Sometimes Charles came over to Sam’s apartment, too, though it was always cold and a little bit empty and it was strange to see him there, this polished man in this unpolished place, but he crawled into bed with Sam and lay with him until they fell asleep or they would sit out on the fire escape smoking cigarettes. That summer Sam was listening to the new Taylor Swift album around the clock, and Charles walked in one night while Sam was playing it full blast in his bedroom, leaning out the window blowing smoke circles and singing along.
Charles laughed at the sight of him. “You really like Taylor Swift, huh?” he said.
“Oh, I love her so much,” Sam said.
“Why?”
“I mean, she’s somebody who writes about her life, like I do, so I guess I like that,” he said. “She’s pop music’s best memoirist. She’s a master of perspective. Have you heard this song, ‘Mine’?”
Charles shook his head.
“Oh my God,” Sam said. “You have to hear this.” He turned it on. “It’s a song about falling in love, but it’s not just a song about falling
in love—it’s a song about remembering falling in love. Like a lot of her songs. Have you ever noticed that, like, most of the best modern pop songs are in the present tense? Taylor is so good at writing in the past tense. It’s about memory—about lived experience. On ‘Mine,’ she’s singing about something that happened a long time ago. Listen to these lyrics.”

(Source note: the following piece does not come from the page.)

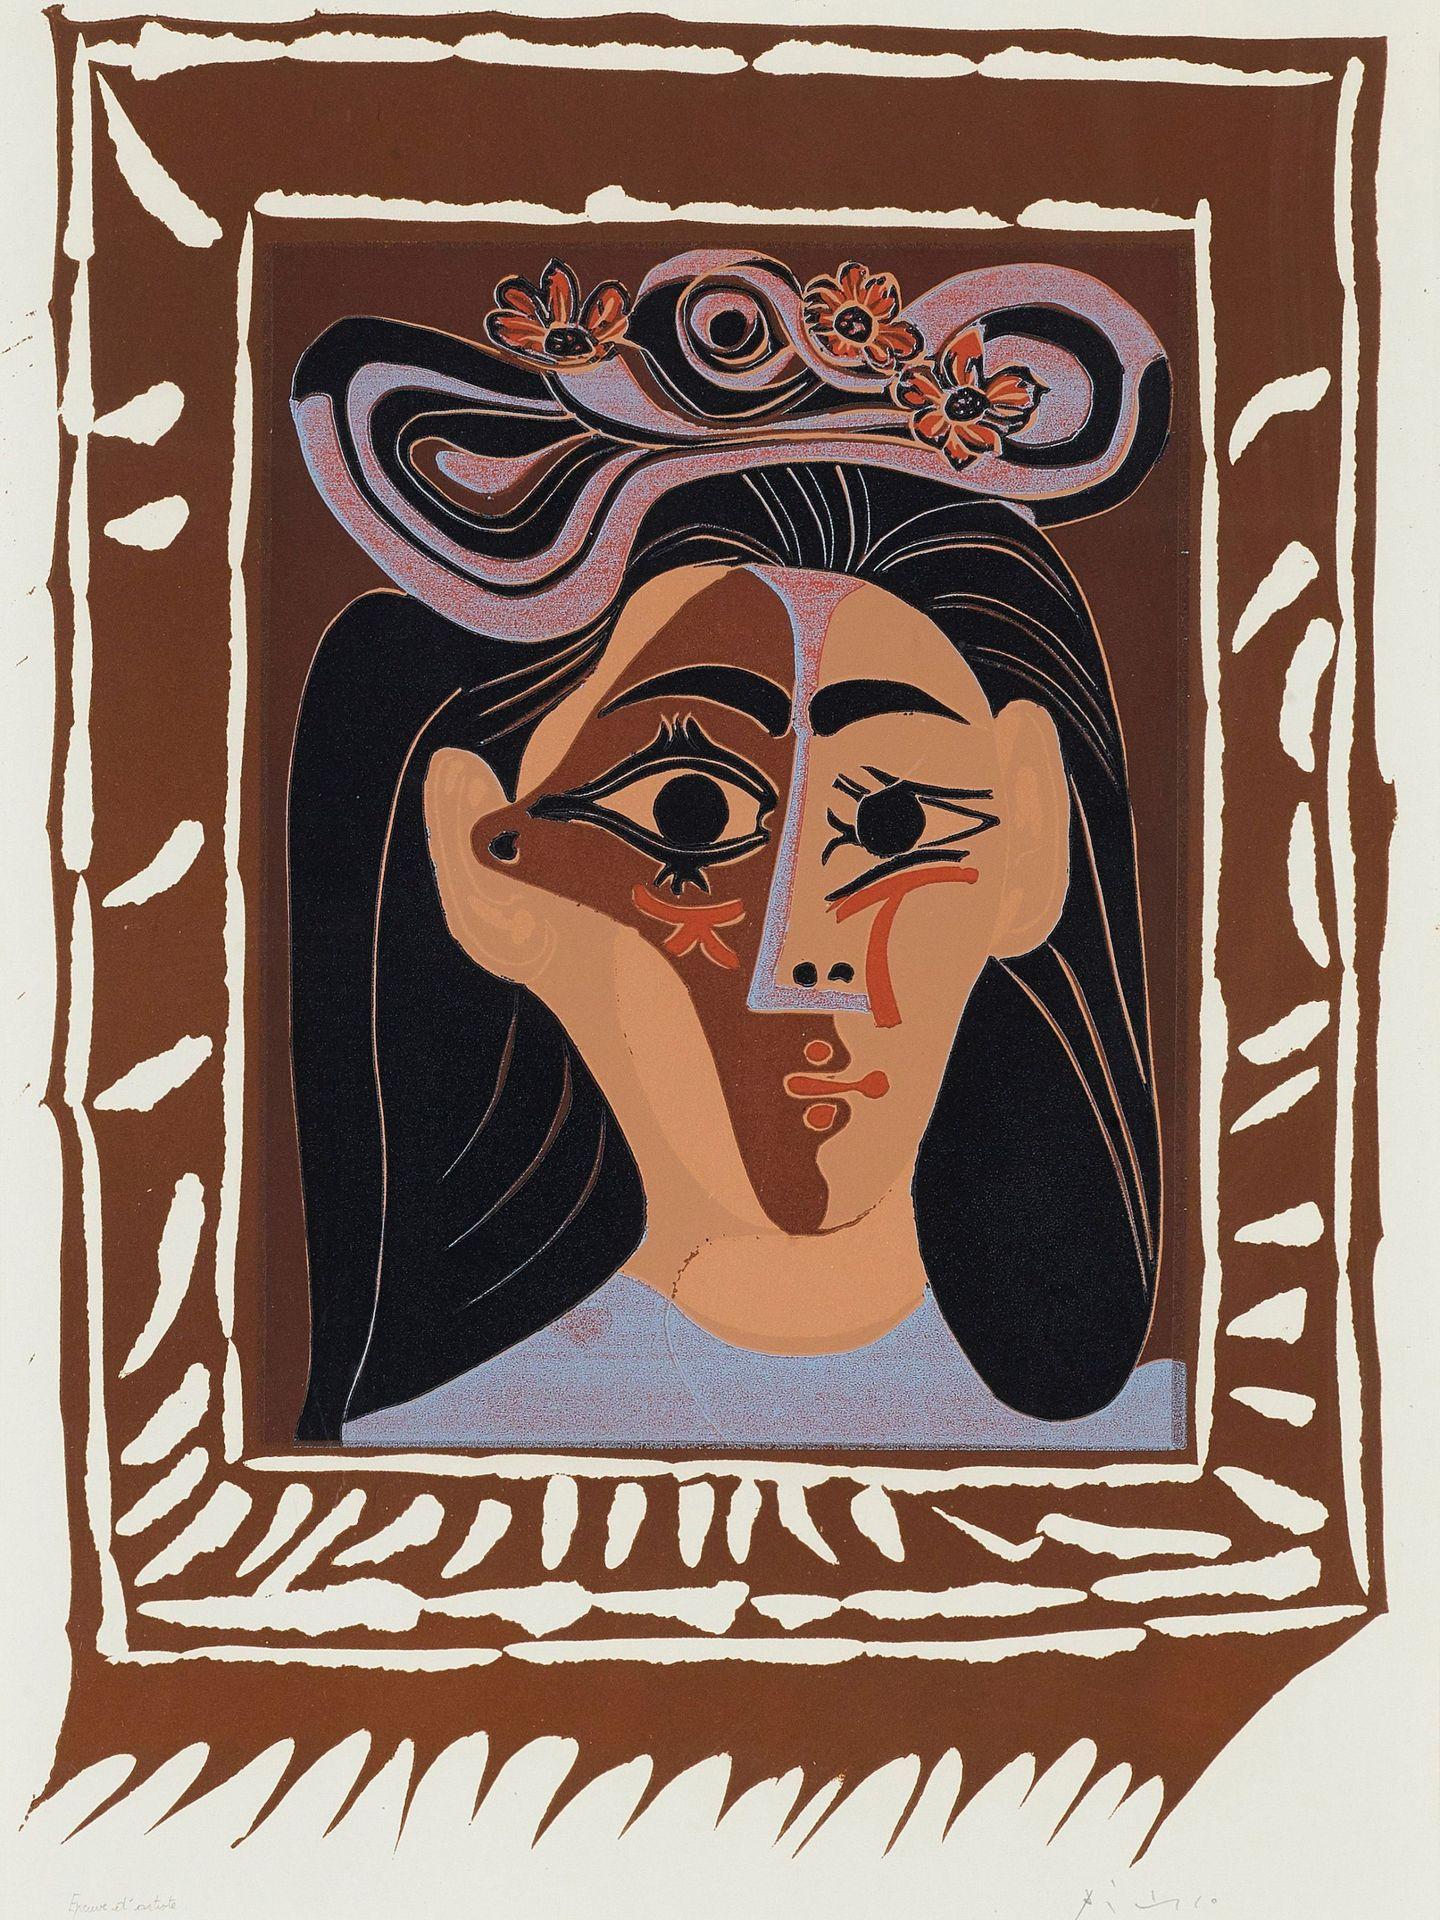 Una de las obras de Picasso en posesión de su nieta. (EFE)

They listened to the song together, Sam tapping his feet to that kicky guitar loop. “On the chorus,” Sam said, “she goes, ‘I remember we were sitting there by the water, you put your arms around me for the first time.’ That ‘I remember’—that’s the shit that really blows me away. We’re not with her in the present as she’s falling in love, we’re with her as she goes back into her memories, with all the grief and longing and distance that comes with the passage of time. But then in the second part of that chorus—‘You made a rebel of a careless man’s careful daughter, you are the best thing that’s ever been mine’—I mean, first of all, my God, have you ever heard a more spectacular turn of phrase than ‘a careless man’s careful daughter’? It just tells you everything you need to know about her, her backstory, her as a character. But then she does this beautiful little twist. ‘You are the best thing that’s ever been mine.’ Not were, but are. We’ve been in her past. Suddenly we’re with her in the present.”

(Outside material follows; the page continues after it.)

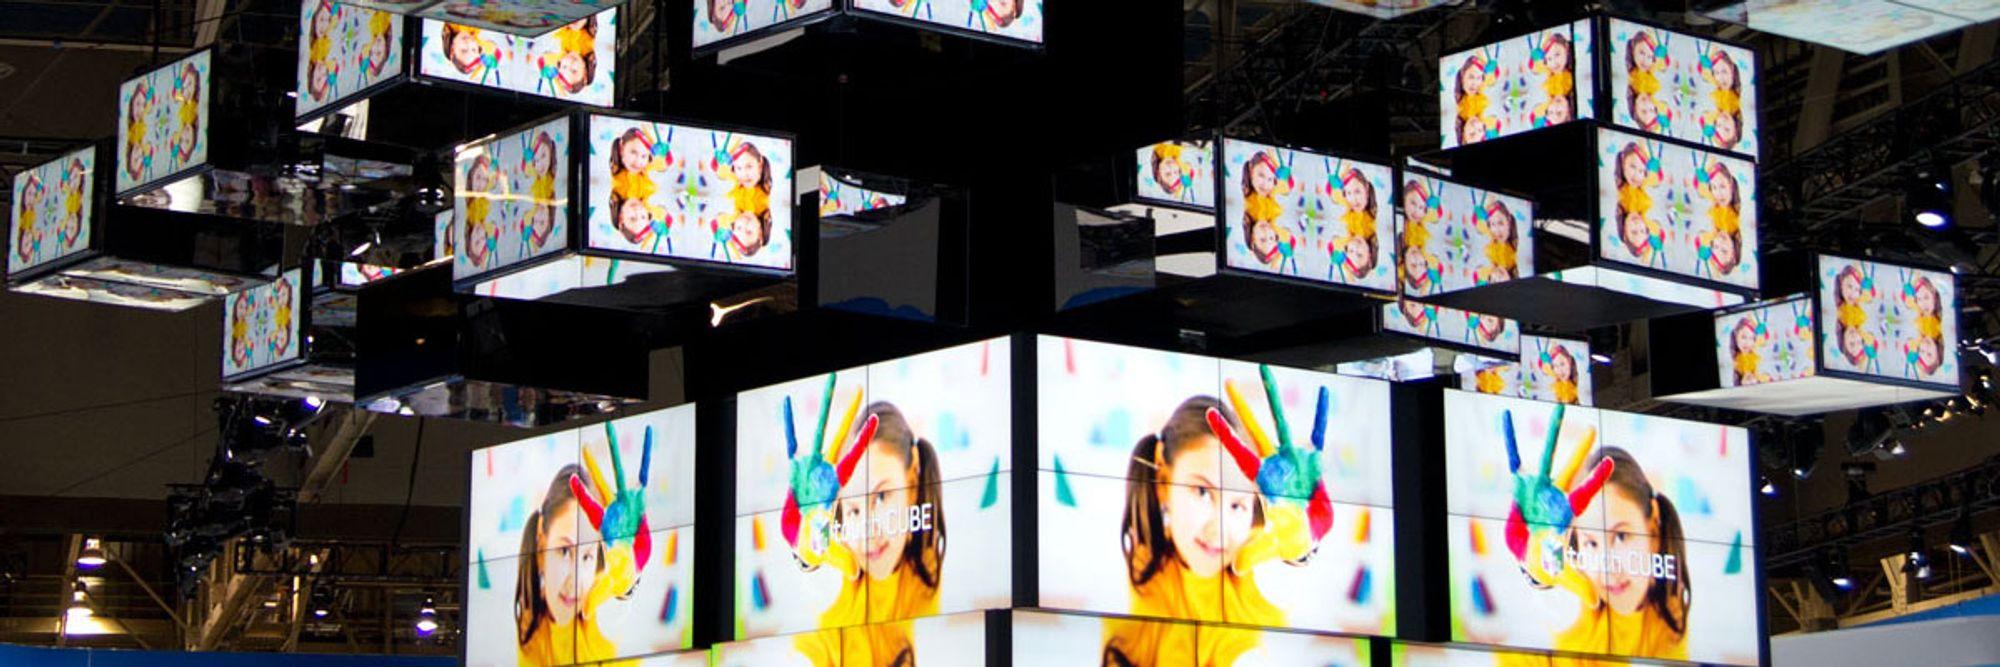 Les Fra digre berøringsskjermer til 3D-briller

He looked at Charles—wanting him to understand, wanting him to feel the way that he felt, wishing he could pluck the feeling that was in his chest and transplant it into Charles so he could feel it, too. “Isn’t it incredible?”
Charles laughed. He didn’t look like he felt it the same way that Sam did. He looked like he felt something else. He touched Sam’s shoulder, and suddenly Sam was embarrassed.
“Sorry,” Sam said. “I just—you know, I always wanted to write something that makes other people feel the way a song like this makes me feel. It just makes me feel so, like—I don’t know!” He lifted his hands and pressed them to his collarbones. “It makes me feel like my heart is doing jumping jacks in the rain.”